В настоящее время Джордж Аранета главной задачей считает — поднятие авторитета петушиных боев… Люди, утверждающие, что это порок, который свидетельствует о вырождении и способствует ему, всегда могут указать на грязь и мерзость, и отрицать это будет невозможно. Галера не изменилась к лучшему с испанских времен; а там, где вульгарна атмосфера, люди тоже становятся вульгарными. Джордж говорит, что всякий раз, когда жена вызывается сопровождать его на петушиные бои, приходится ее отговаривать. «Ей там неуютно, потому что я должен присматривать за нею. Это не для нее». «Колизей» как место проведения боев — большой шаг вперед на пути обретения достоинства и престижа.

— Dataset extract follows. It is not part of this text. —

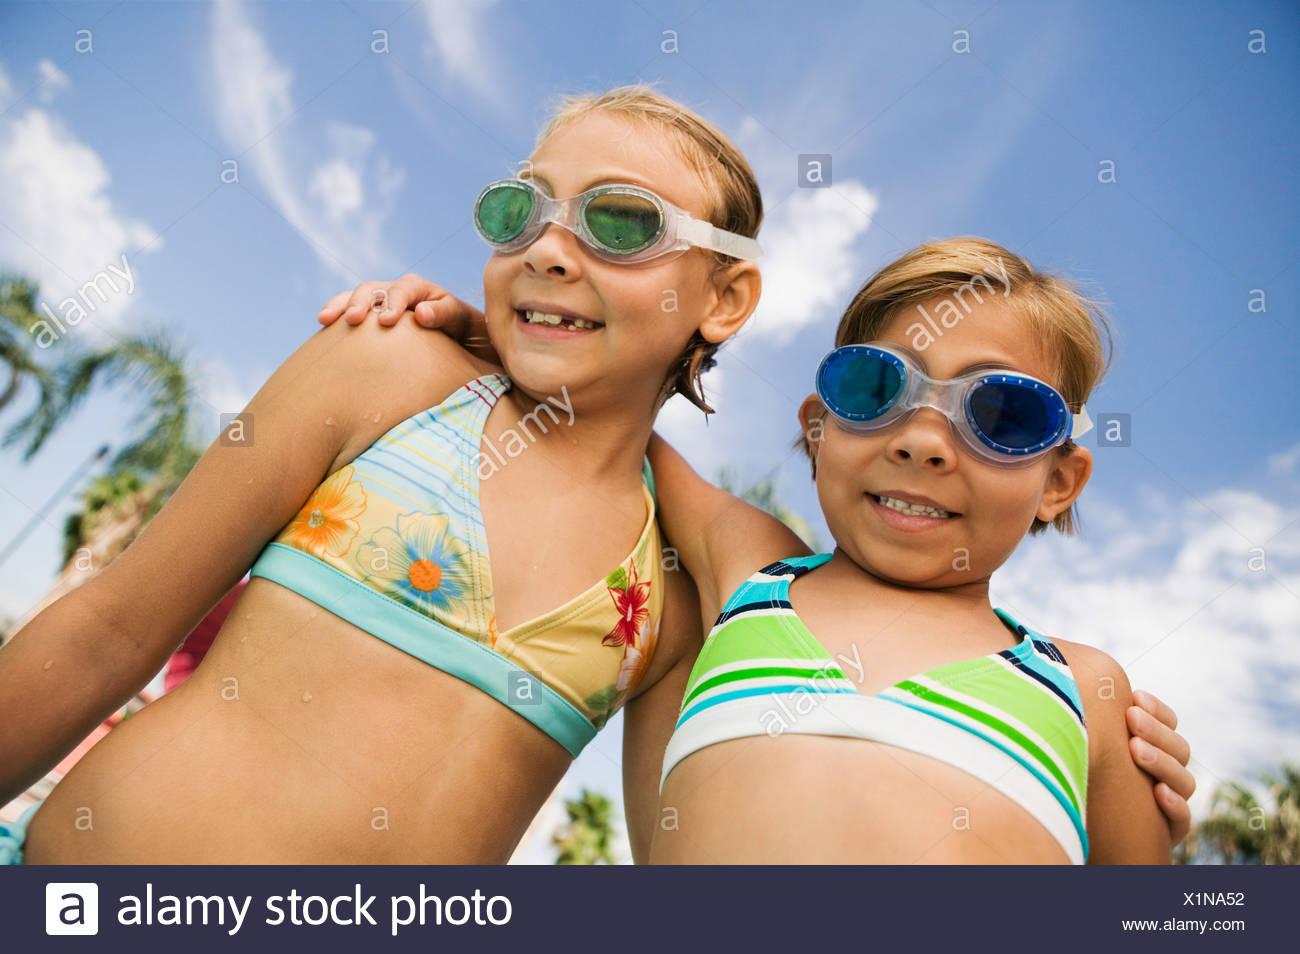 Two Girls (7-9) in swimwear, portrait. - Stock Image

Покойный мэр Лаксон предлагал соорудить в Маниле роскошную кондиционированную арену для развлечения туристов, где тупады проводились бы каждый день и каждую ночь, но на это требовалось специальное разрешение конгресса. По словам Джорджа, сейчас группа петушатников вернулась к данному предложению и собирается организовать лобби в конгрессе с целью добиться его осуществления. Современная арена для петушиных боев не только привлечет туристов в Манилу, но и поможет начать запоздавшую модернизацию всего «петушиного дела», послужив образцом для всех.

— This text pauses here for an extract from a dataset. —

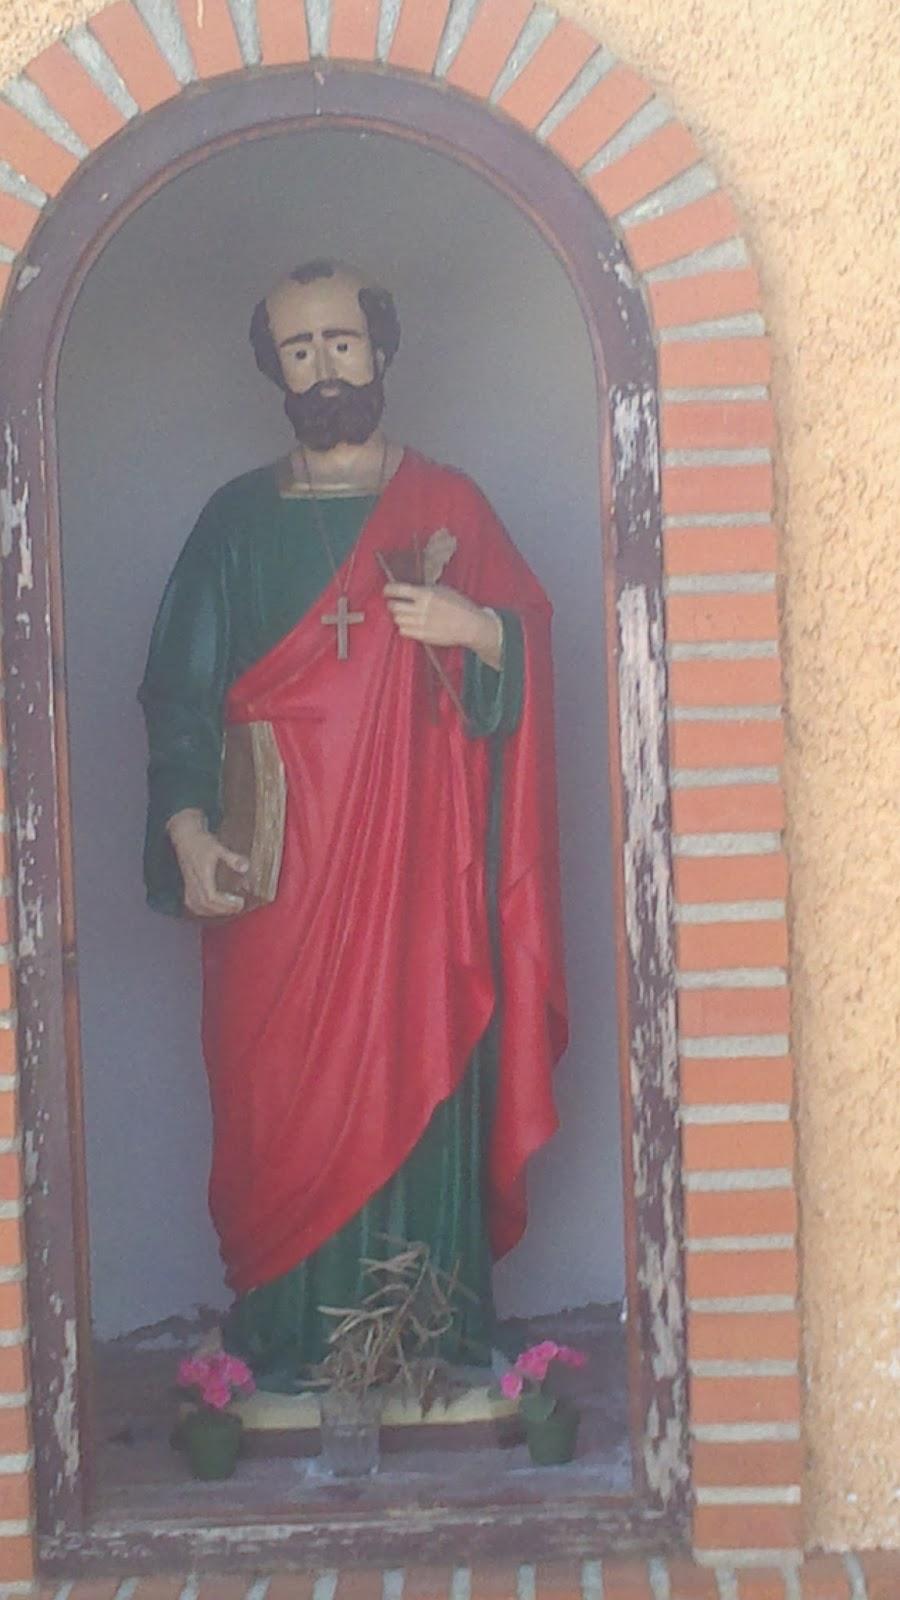 El original Sant Pere de la ermita construida en 1817 en Torrellano Bajo. fotos tomada gracias a la gentileza de la familia HANSON

Это пристрастие меняется на глазах, оно уже не ассоциируется со стариками, курящими сигары домашней крутки и жующими бетель. Оно становится более урбанизированным, привлекает изысканную публику, о нем как о некоем виде спорта уже пишут в газетах. И давно пора, ворчат петушатники, потому что спортивные страницы наших газет почти сплошь заняты отчетами о теннисе и гольфе, хотя для девяноста процентов филиппинцев гольф и теннис — все равно что халдейское таинство, а вот петушиные бои — это факт филиппинской жизни. В «Колизее» на прошлой неделе большинству зрителей было меньше сорока лет, и, судя по одежде, они не были дном общества. Там говорили о питомниках на четыреста импортных бойцов, как у Эдди Аранеты, и я слышал, что в других знаменитых питомниках птиц не намного меньше.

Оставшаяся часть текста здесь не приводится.